Now add in the concept that the LSM must be in sync with both the root volume and each other to be functional and consistent across all nodes. Thus, if direct access were allowed to the real SVM root volume, that might now be out of sync with all the LSM copies, necessitating a SnapMirror update on the LSMs to bring them all back into sync. That's why if LSMs are present, direct access is read only through the LSM copies to ensure there is a consistent presentation from all the copies, even on the node where the real SVM root resides.
You can access the real root SVM volume for write access if needed through an alternate mount point. For NFS, the "/.admin" path is the "real" root volume. For CIFS, you can create a separate share that references the "/.admin" path on the SVM.
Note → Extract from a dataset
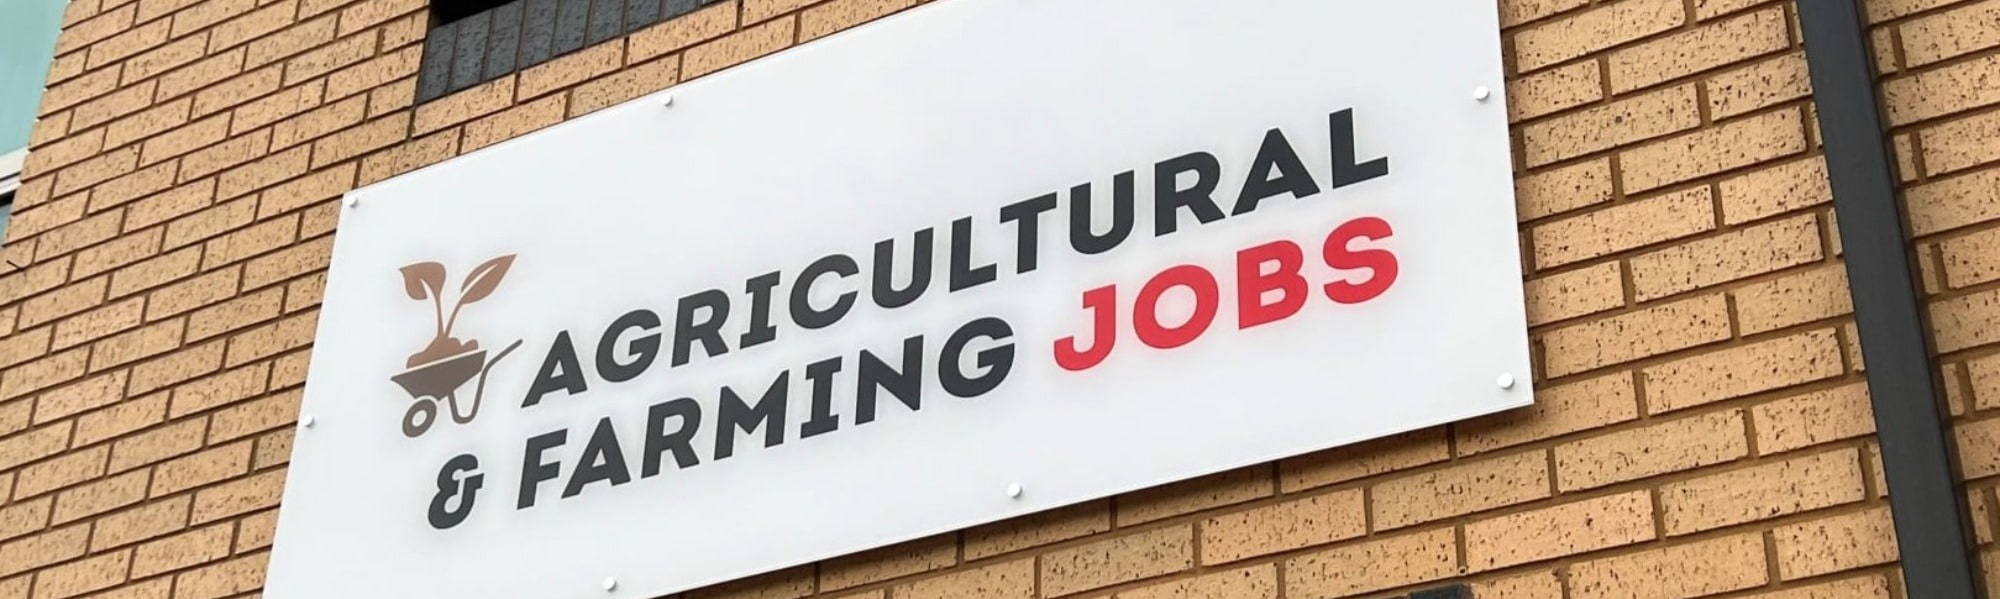 Agricultural and Farming Jobs logo
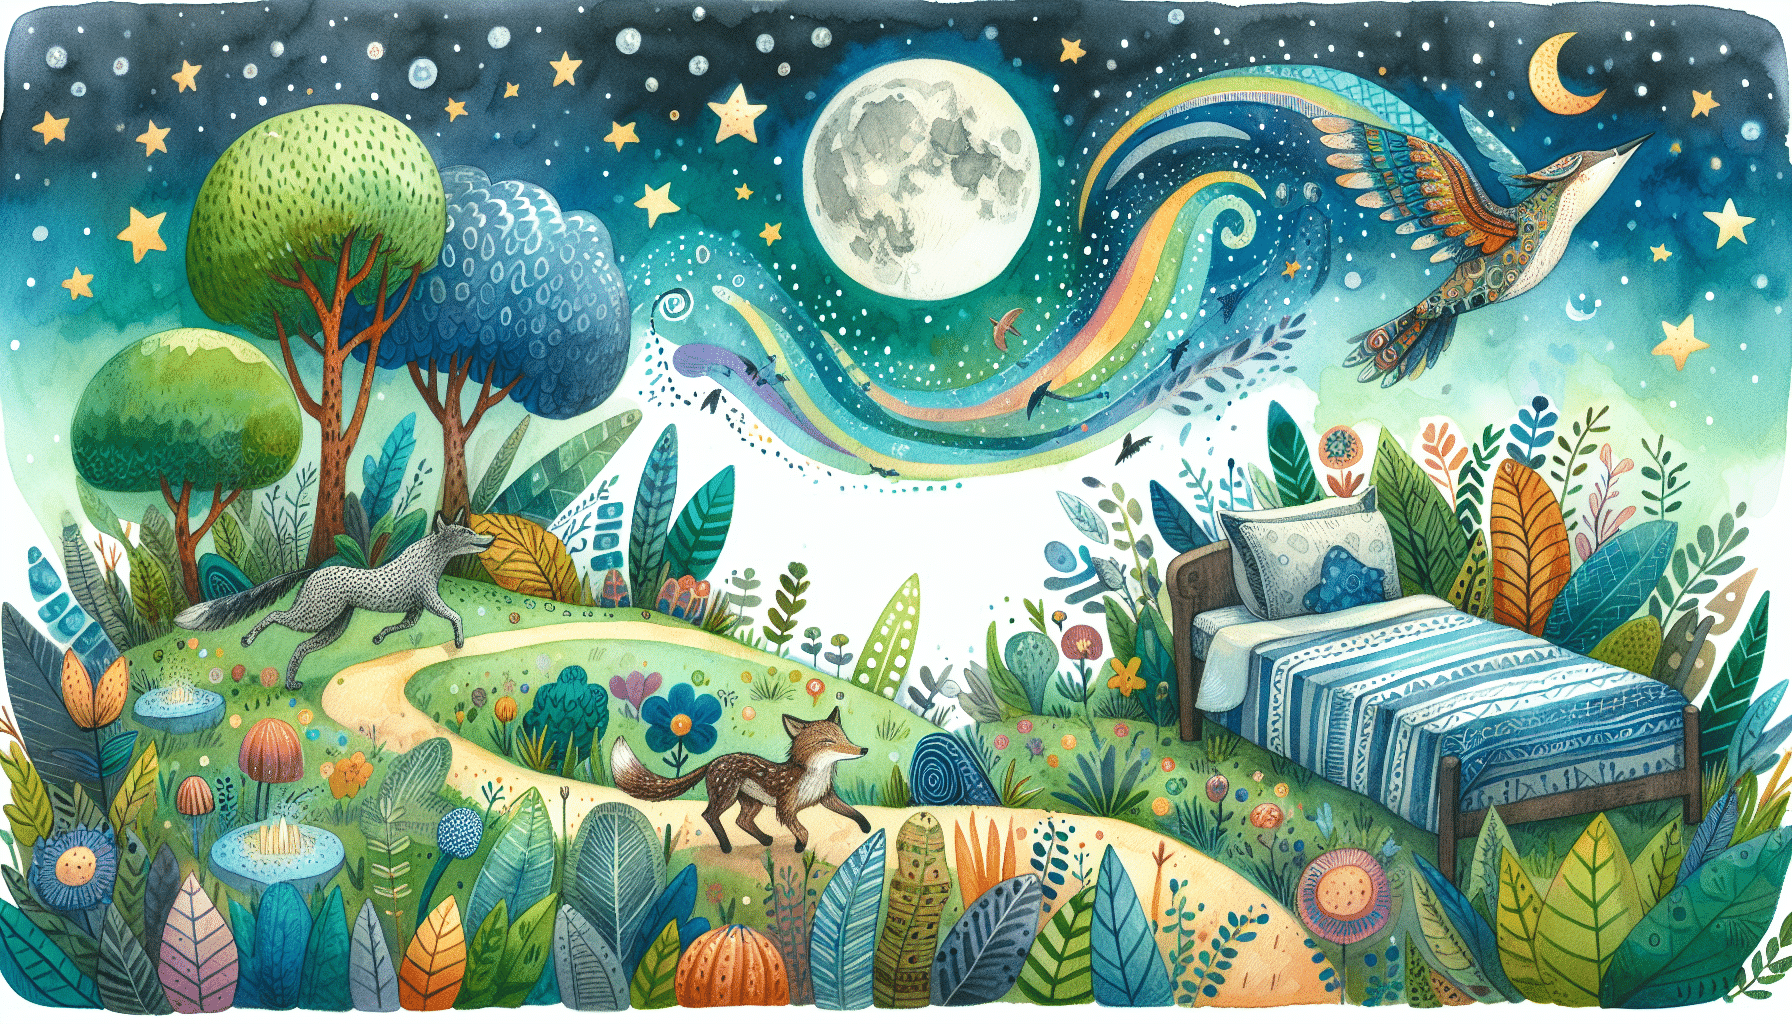 Lunas Magical Nighttime Journey to Dreamland

You should not do this unless you need to make changes to the SVM root (a new folder, a permission change to the root volume, etc.), and then of course immediately update the LSM copies to be sure everyone sees the same change. In 8.3.2P9 and later (not sure when in the ONTAP 9.x line) there is a feature change available. When the SVM root volume has LSMs and the SVM root volume is changed, a SnapMirror update is now automatically triggered from the cluster rather than having to do it manually or by schedule. The automatic update relieves overhead of having to regularly run updates on a schedule or manually in workflows.
Like every feature LSMs are a feature that should be used at the appropriate time for the right purpose, rather than "always" for every CIFS/NFS configuration. For clusters with significant CIFS/NFS workloads and many files, they can improve performance. LSMs serve no purpose and should not be used for SVMs that exclusively serve block level data.